We are re-posting this popular article about the foreign currency and the devaluation and revaluation systems. After all, what’s the point of trying to predict foreign exchange markets (FOREX) if you don’t even know how the market moves and reacts to change? The world’s largest market that is open 24 hours does react to certain changes and you need to know how to watch and interpret these movements. Why let some third-party web application make predictions for you when you can do the work yourself?

Devaluation and Revaluation of Currencies

For all of our examples we will use the comparison between $ (dollar) and € (Euro). To depict what occurs in the economy we will use a model (economists like models). The model employed is called the AA–DD model.

Here is a quick summary of the model. The AA curve represents the asset market and the DD curve represents the output market (goods and services). The X-axis represents production (or GDP (Y)), and the Y-axis depicts the appreciation or depreciation between the domestic currency ($) and foreign currency (€ in this example). For more information on how these models are derived please visit the international economics study web site.

What happens to the domestic economy when currencies are devalued or revalued?

First devaluation:
An announcement to Increase (depreciate) $ with respect to € will lead to the following in domestic markets: Increase of exports (since goods are cheaper), decrease of imports (more expensive to buy); the current account will increase which all leads to increase of Y.

What about the opposite? What happens to the domestic economy when the currency is revaluated?
Quite simply the opposite. An announcement to decrease the exchange rate (appreciate the currency) means decrease in exports, a possibility their will be an increase in imports, and a decrease of the current account. This almost means that Y decreases and C (consumption). You will have a stronger currency at the expense of lower consumption, loss of jobs, etc. This is why China is not in favor of revaluating.

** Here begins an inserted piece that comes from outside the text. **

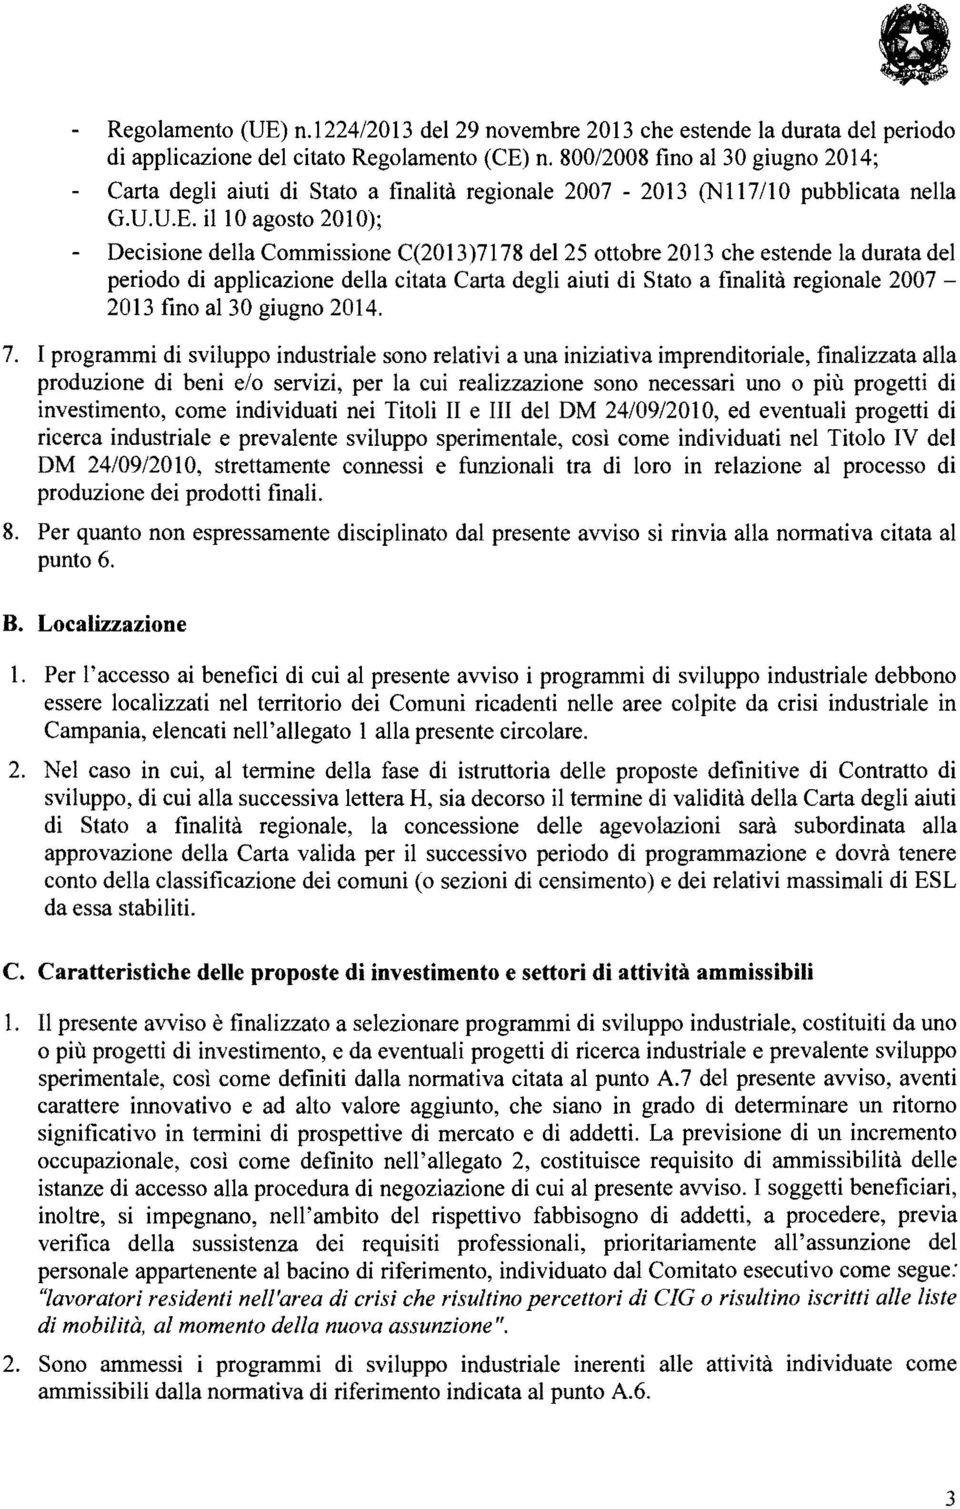 ilio agosto 2010); Decisione della Commissione C(2013)7178 del 25 ottobre 2013 che estende la durata del periodo di applicazione della citata Carta degli aiuti di Stato a finalità regionale 2007 2013

The US on the other hand would like China to revaluate their currency. This would do a few things, namely, decrease the trade deficit for the US. It’s also in the interest of China to revaluate as it would slow a heated economy. The idea is if you build to fast then you’ll have too much capacity and note enough work to go around (which could deflate the economy when nobody has work). Of course, the flip side to that threat is there’s no end in sight for China’s growth….

There you have some basic examples of what happens to the economy upon devaluation or revaluation announcements.